**What the exercise asks**
With the pictures removed, please write out every line below exactly as given.

**Provided data**

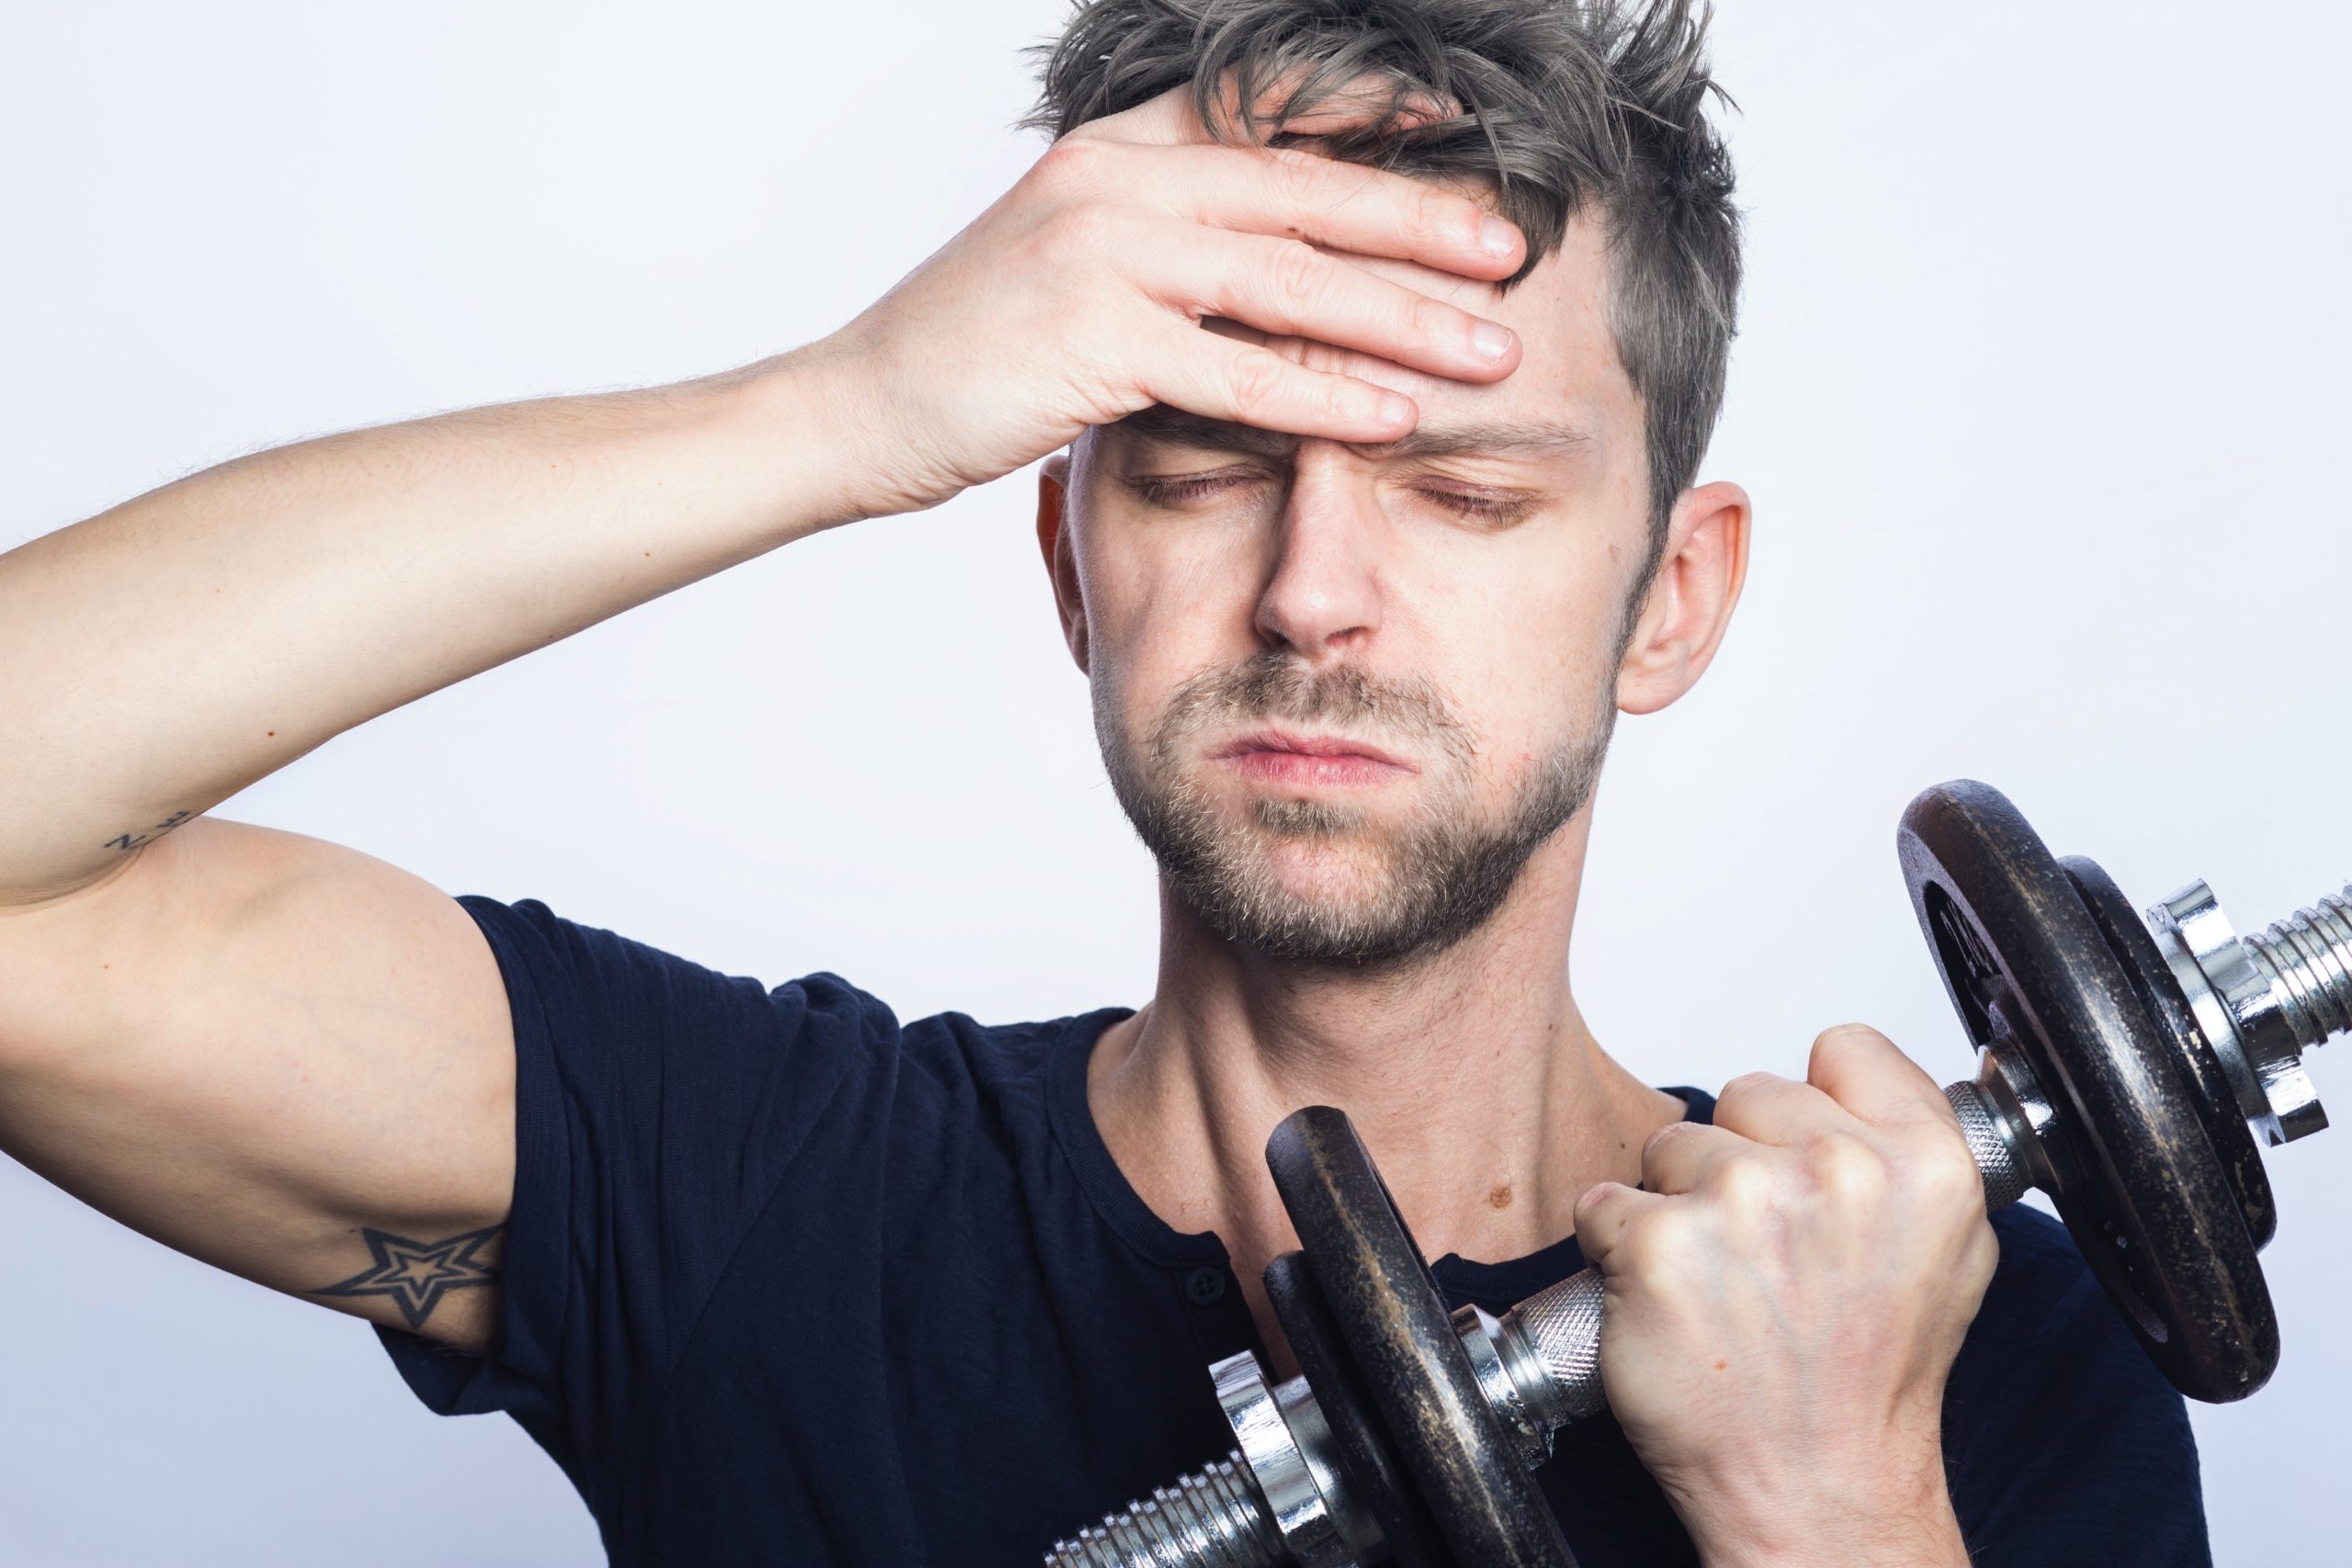 Man trying to motivate himself to work out
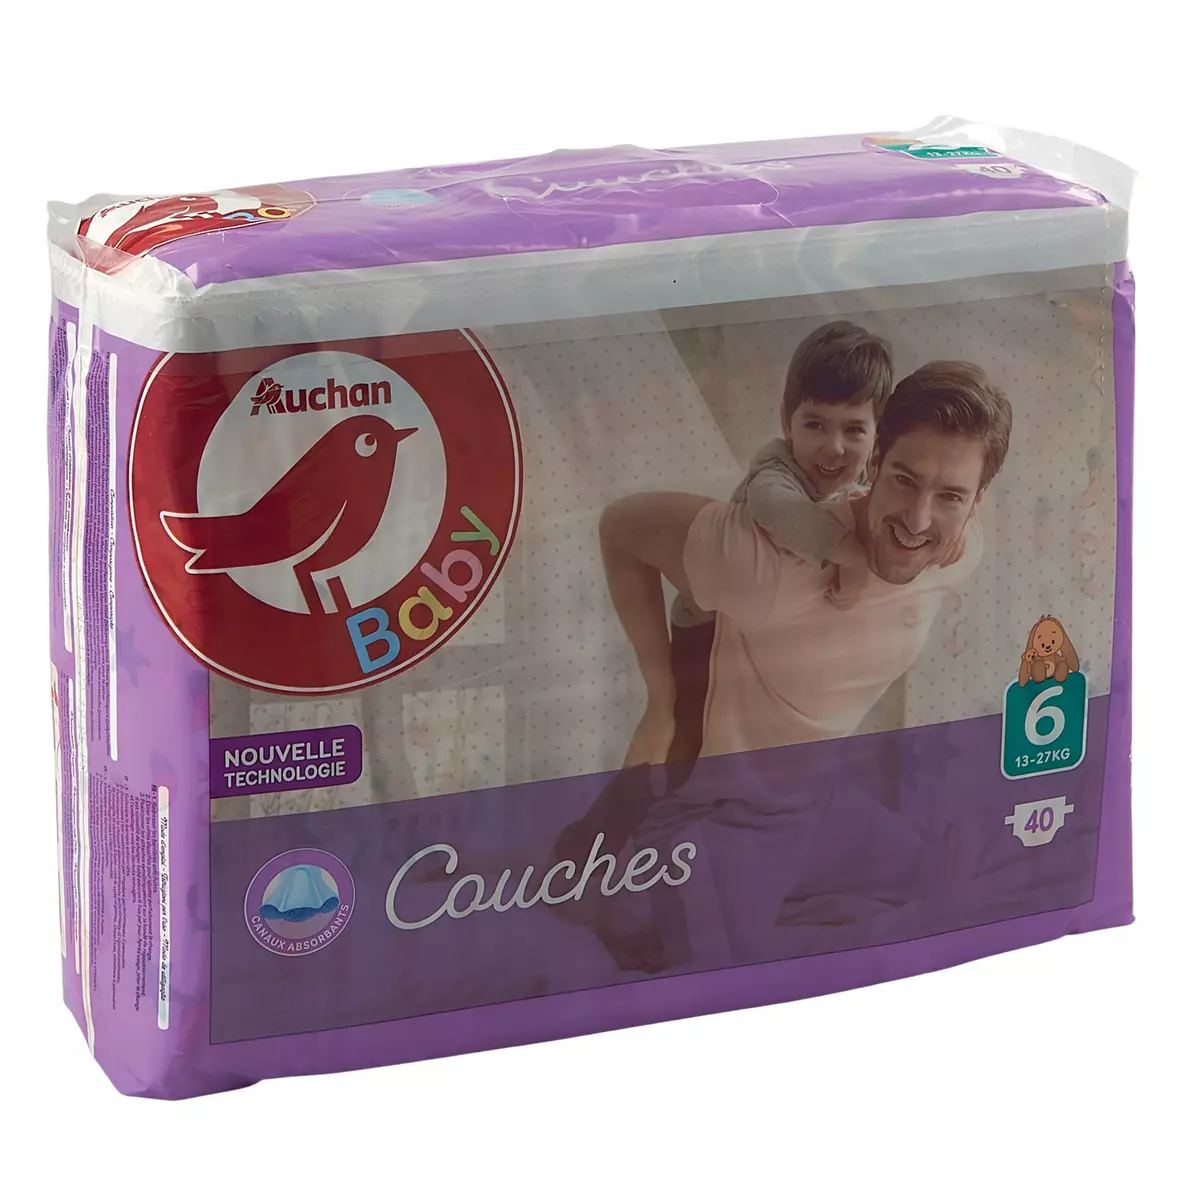 AUCHAN BABY Couches taille 6 (13-27kg) 40 couches pas cher 
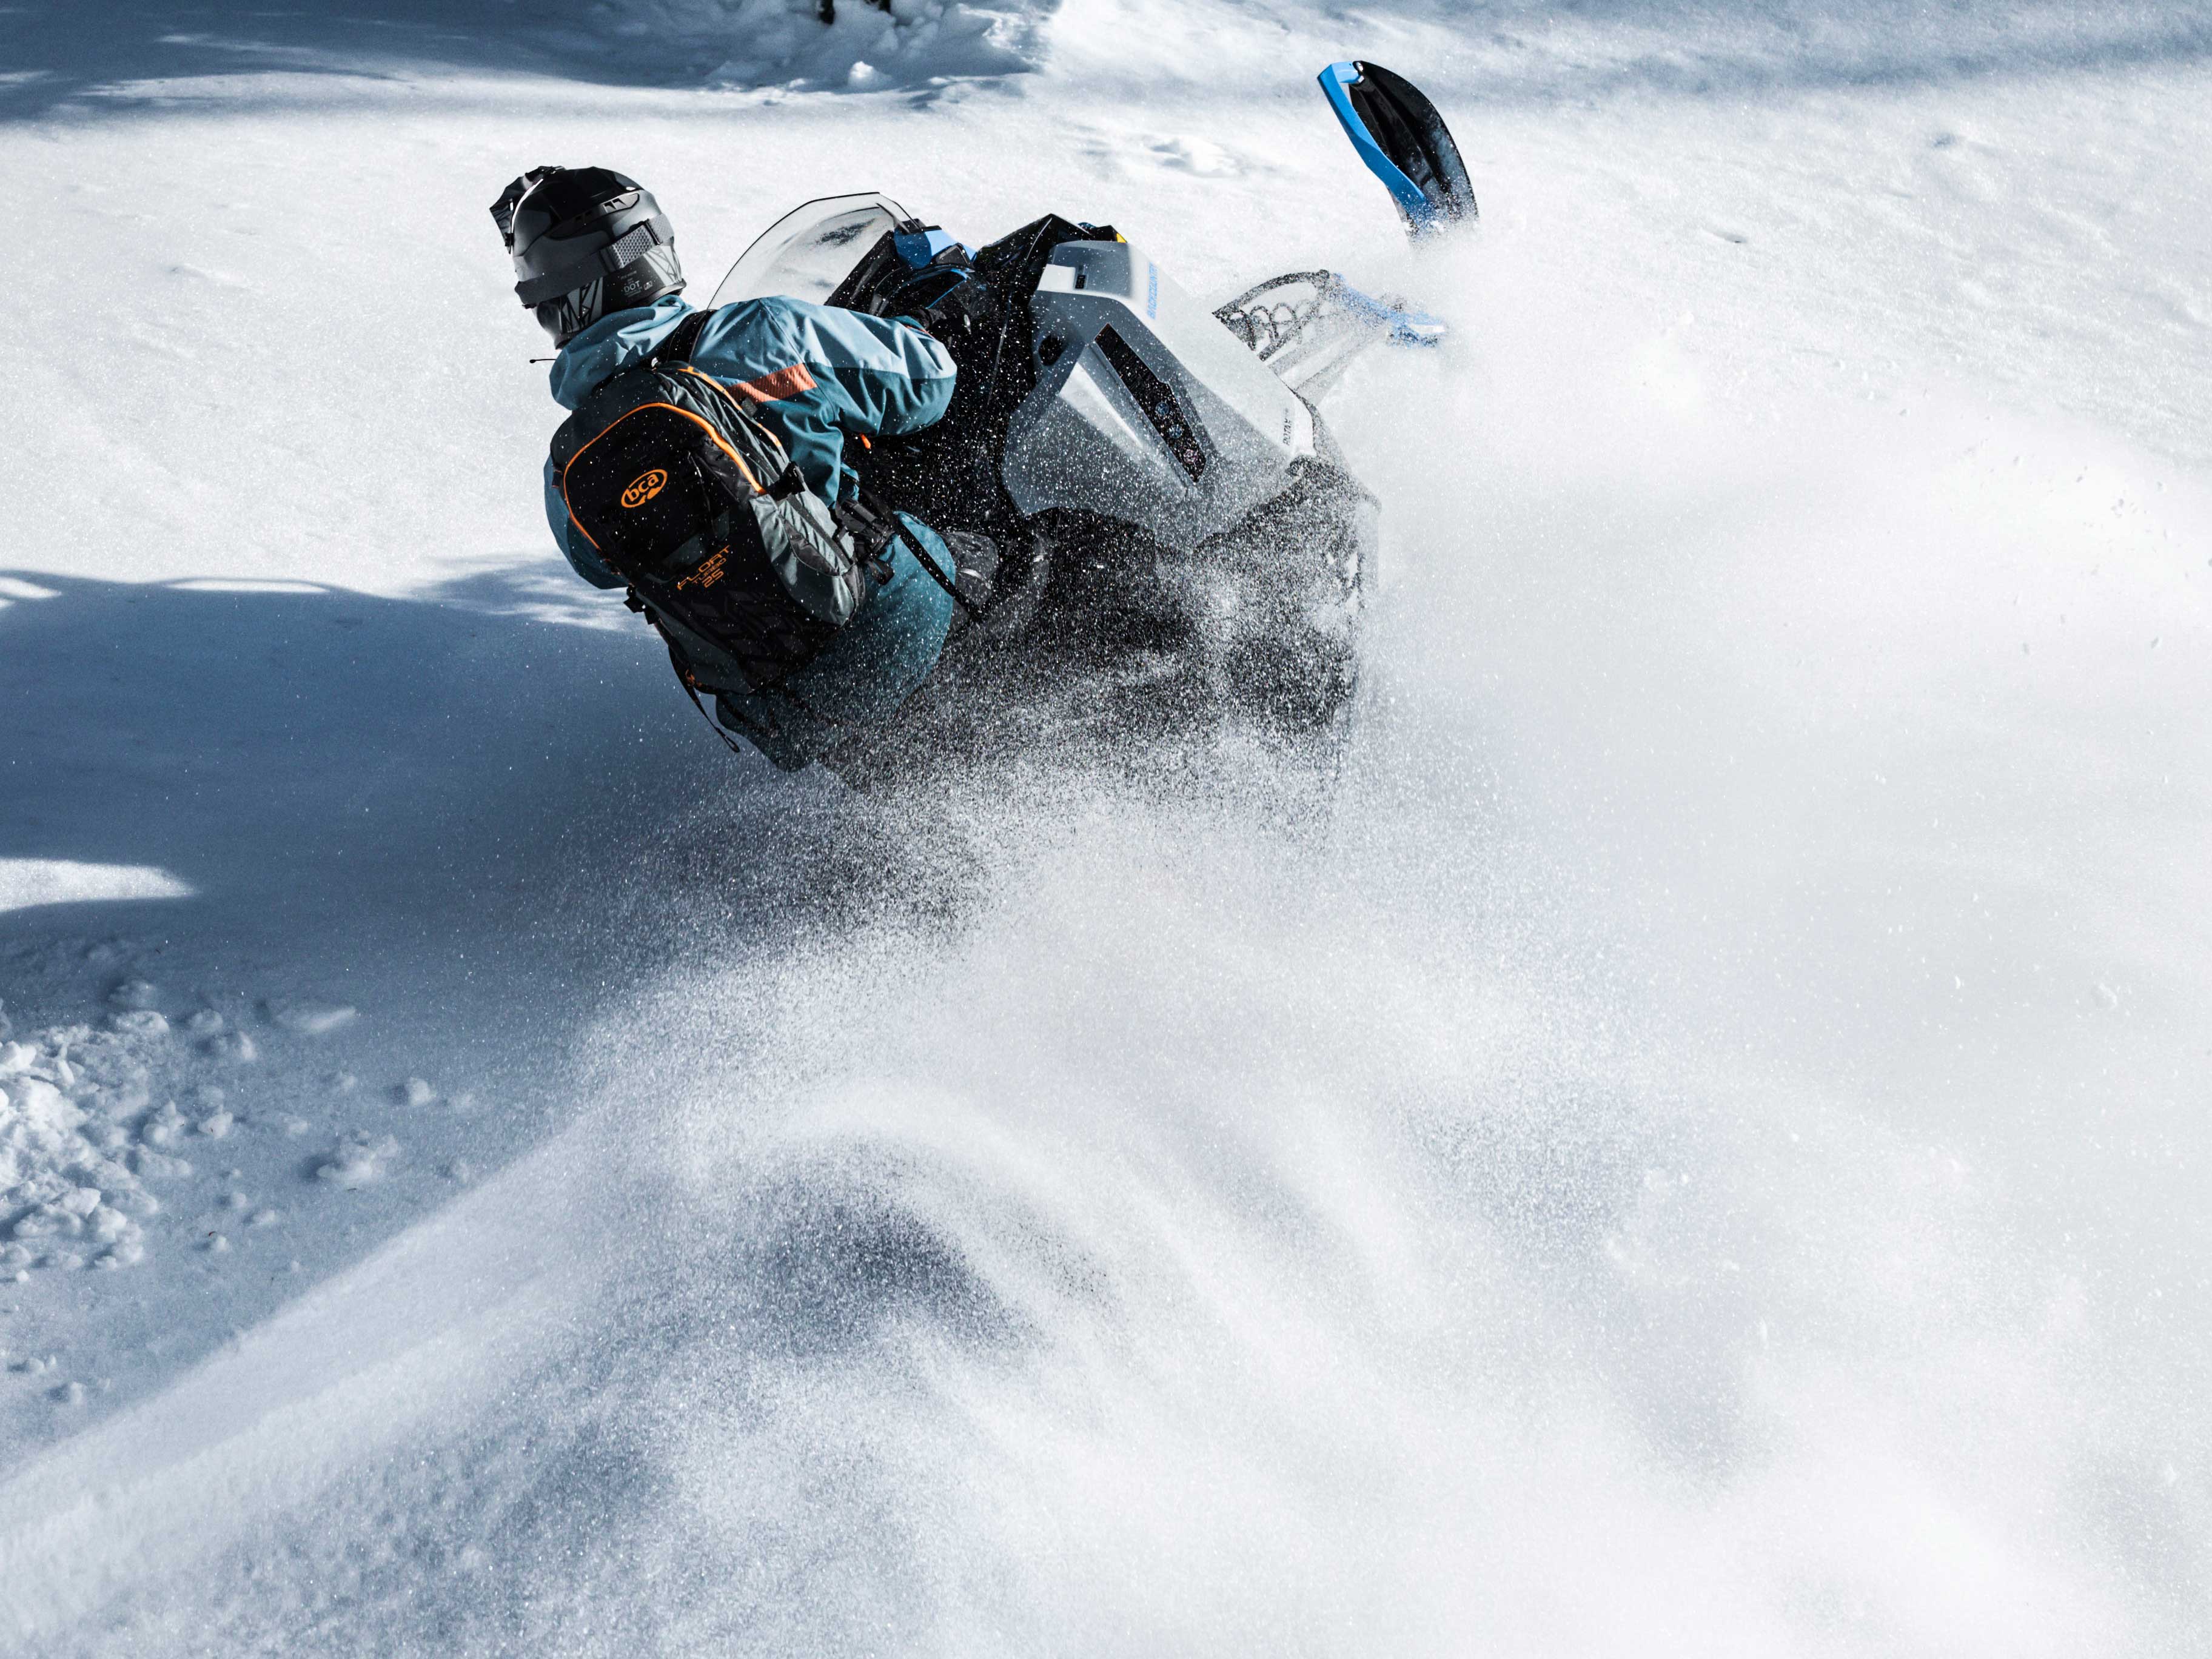 Man carving Powder with a 2022 Ski-Doo Backcountry

**The completed task**
 Man trying to motivate himself to work out
 AUCHAN BABY Couches taille 6 (13-27kg) 40 couches pas cher 
 Man carving Powder with a 2022 Ski-Doo Backcountry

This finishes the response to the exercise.